Dates	September 2016
Type	Work-related research / learning exercise
Language	C++11
Libraries & Frameworks	OpenMP

Summary

I spent September of 2016 reading through the literature on deep neural networks and getting up to speed on the current state of the art (at that point, “attention” was seen as the next big thing, but the Transformers paper had not been published quite yet.) In my final week of work at UC Riverside, I implemented a deep neural network code, called Approx-net, to gain a more complete understanding. The name is a reference to the fact that artificial neural networks are, in principle, universal approximators. The Approx-net code used stochastic gradient descent and the backpropagation algorithm. I included the ability to output a Graphviz graphical representation of the current state of the network so I could observe the network as it learned. Visualization is only practical for very small networks, of course, but it was an interesting exercise. Here is a blog post about one experiment that I performed using the code, and there an accompanying animation on YouTube.

SPHEREx Photo-z

Dates	September 2015 - August 2016
Type	Job assignment
Languages	C++11, Bash, Python
Libraries & Frameworks	OpenMP, NebulOS

A demonstration of the template-fitting / redshift estimation procedure with a few representative templates shown.

Summary

During the proposal stage of the SPHEREx project, I was asked to improve upon the rough draft of the photometric redshift estimation pipeline simulation code, which was being used to demonstrate what SPHEREx would be capable of achieving, cosmologically. For any non-astronomers who might be reading this, I should probably explain that photometry is essentially the process of measuring the intensity (flux) of light that passes through an optical filter and redshift (denoted as $z$) is a measure of how significantly the wavelength of light increases between being emitted and being observed, due to relative velocities or gravitational (spacetime geometry) effects.

The code did the following:

Created simulated images of what SPHEREx would be able to observe, using a catalog of data from the COSMOS field and information about the telescope’s proposed hardware design.
Measured the fluxes of sources in the simulated observations.
Estimated the redshift of each source (galaxy / star) in the simulated observations.

Many more details are available in this article. I completely re-wrote the initial draft of the code, fixing several algorithmic errors in the process, and achieved a roughly 10× increase in performance per thread. I set up an Amazon Machine Image (AMI) so that the simulation pipeline could be run on top of NebulOS in a virtual cluster within AWS, which further improved the performance by using multiple compute nodes. Since the performance was significantly increased, a much larger library of spectral templates could be added and the photometric redshift estimation part of the code became more fine-grained; the redshifts could be determined with greater precision.

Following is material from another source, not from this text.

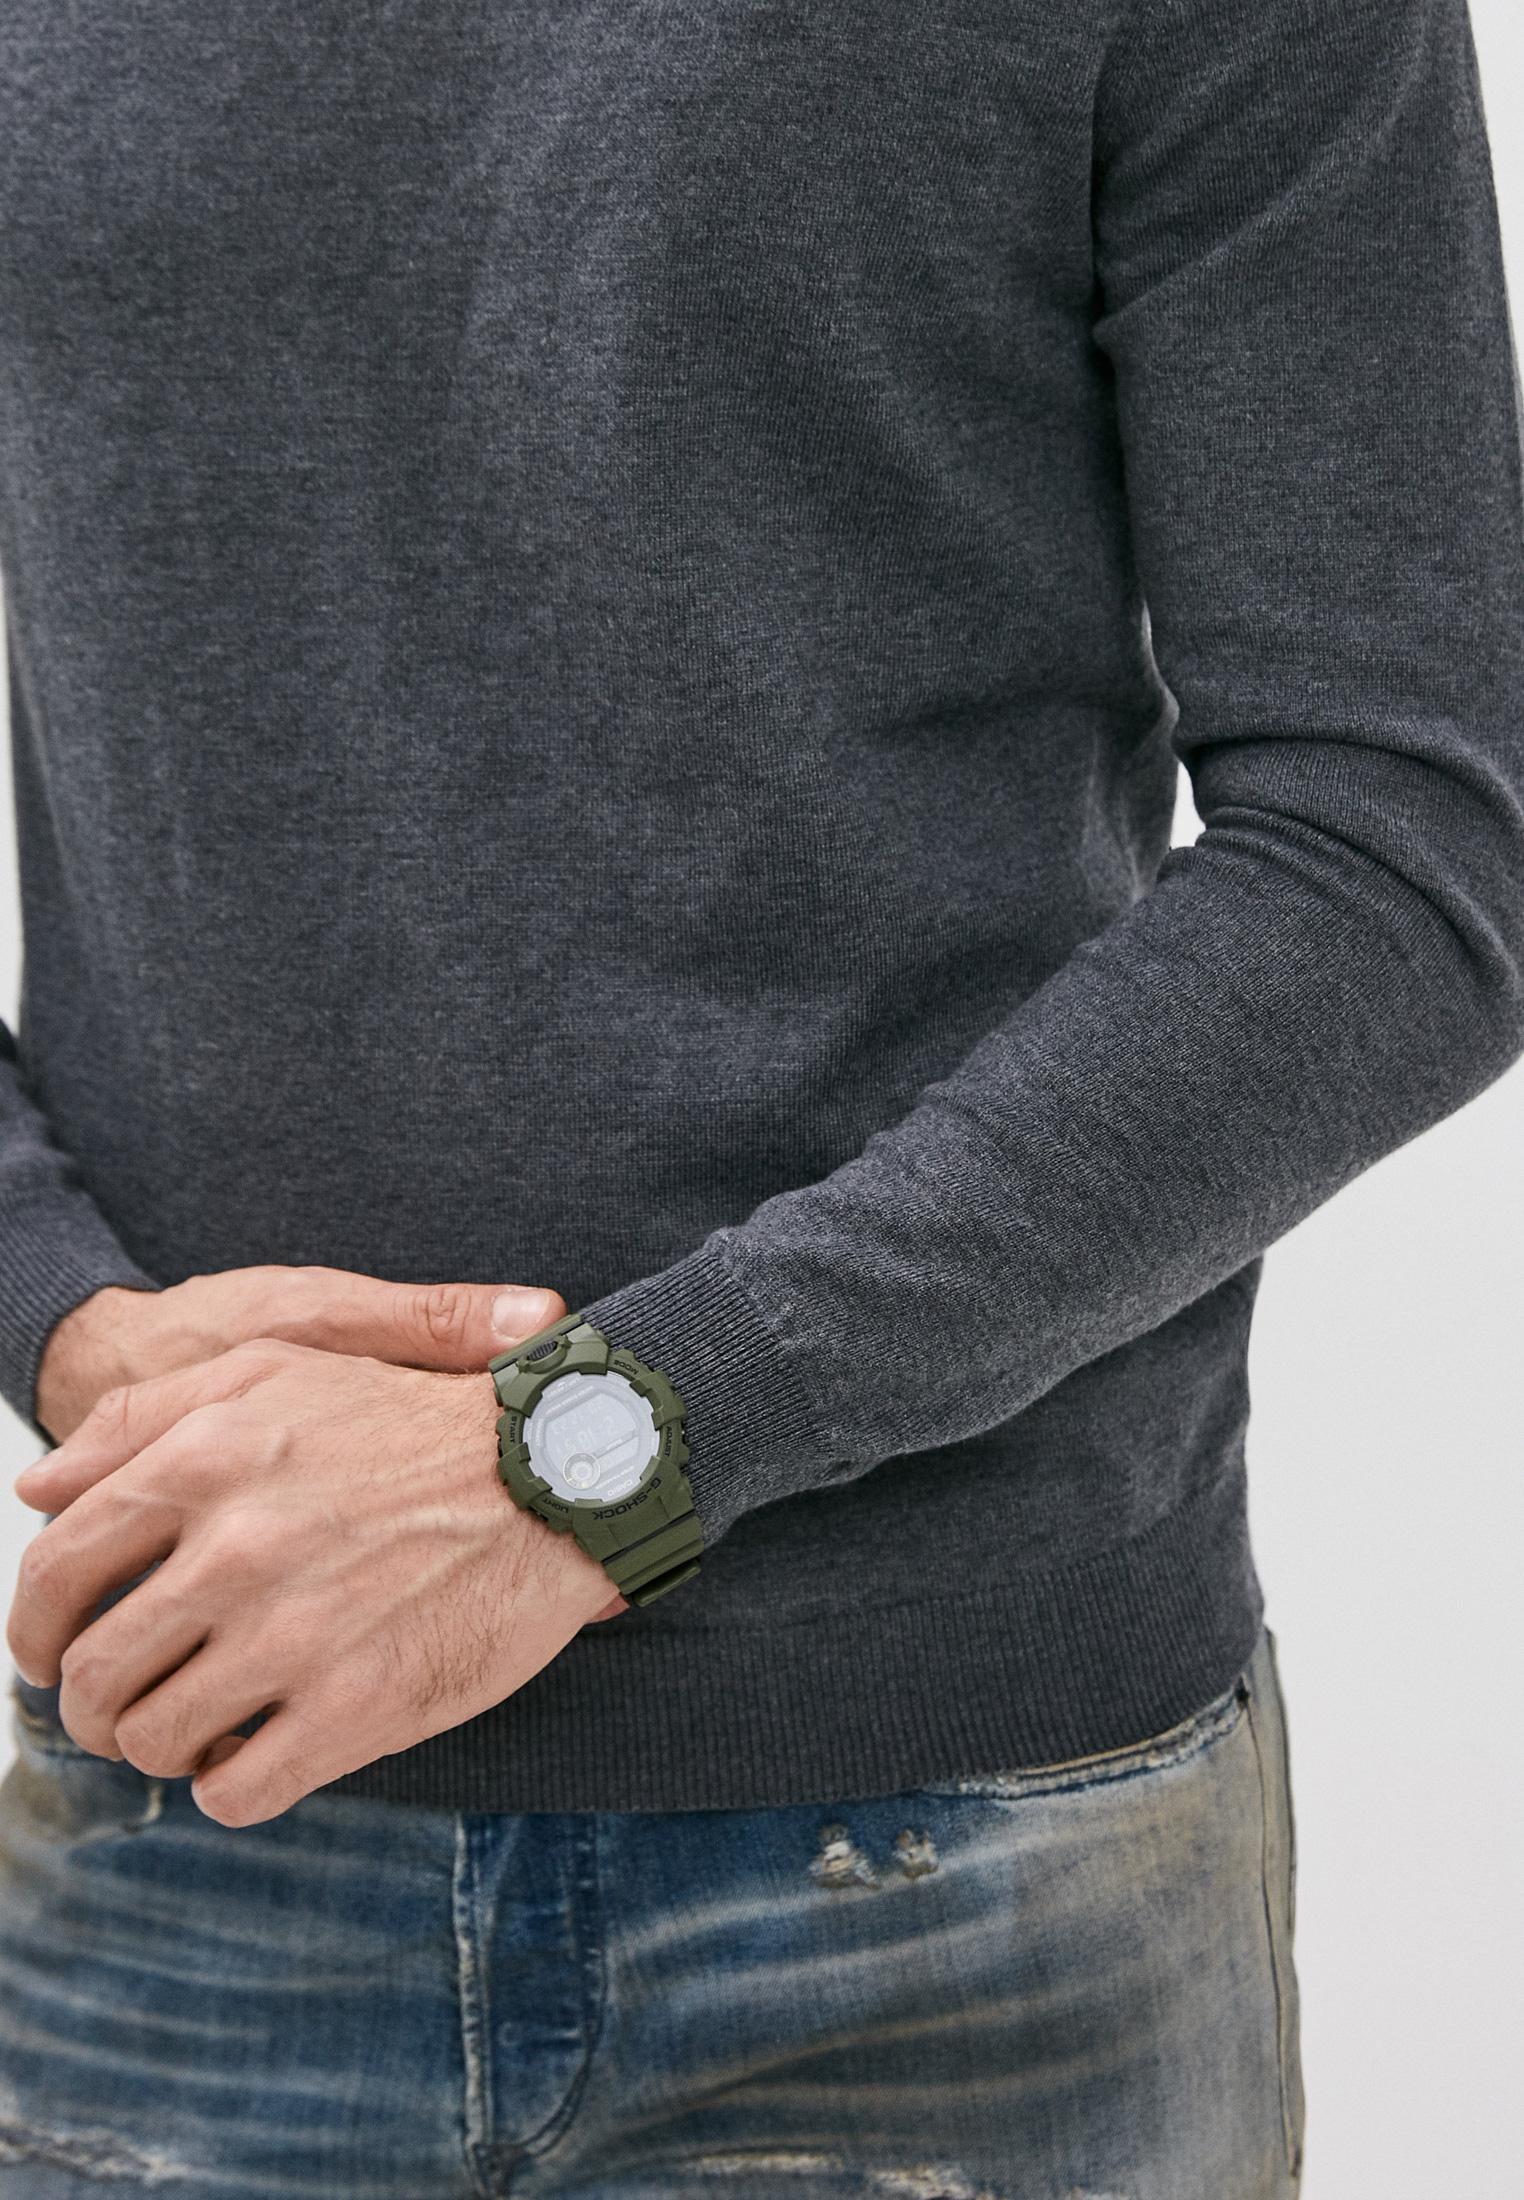 Мужские часы Casio GBD-800UC-3ER: изображение 6

Since it was built into an AMI containing NebulOS, the team could easily start up a new virtual cluster in AWS and run a new simulation whenever a significant change was made to the telescope’s design or the survey plan.

NebulOS

Dates	Primarily August, 2014 – May, 2015
Type	Job assignment
Languages	C++11, Python 2.7, Bash
Libraries & Frameworks	Apache Mesos libHDFS Boost (string algorithms & Python binding) Linux system calls Curlpp SQLite (for caching old task info to disk) AWS API (for the automated AWS installation script)

Summary of the interaction between Mesos and the NebulOS framework.

Example usage of the NebulOS Python module interface being used in streaming / interactive mode. The command, 'from nebulos import Processor' must be executed prior to this.

Performance scaling on Amazon Web Services' d2.xlarge EC2 instances (with slow HDD storage) when reading single-block files (approx 110 MB per file). The reading speed reported is the net speed, which includes the overhead of submitting the tasks to NebulOS framework, launching the tasks, and retrieving the output of each task.

Summary

NebulOS is a flexible, user-friendly, Big Data analysis platform. It can be thought of as a cluster operating system that allows a user to treat a group of Linux systems (e.g., a typical data center) as a single machine. Apache Mesos and the Hadoop Distributed File System (HDFS) act as the OS kernel and file system, respectively. The component that differentiates NebulOS from other Big Data systems is its Mesos-based framework, which allows the user to…

run pre-existing software on the cluster, without modification.
easily write monitoring code in any language to examine the standard error and output streams, memory usage, and CPU usage of tasks launched on the system.
write code which performs actions, based upon the behavior of the individual tasks. For instance, tasks that meet certain user-defined conditions can be terminated and automatically relaunched with modified parameters or modified input data.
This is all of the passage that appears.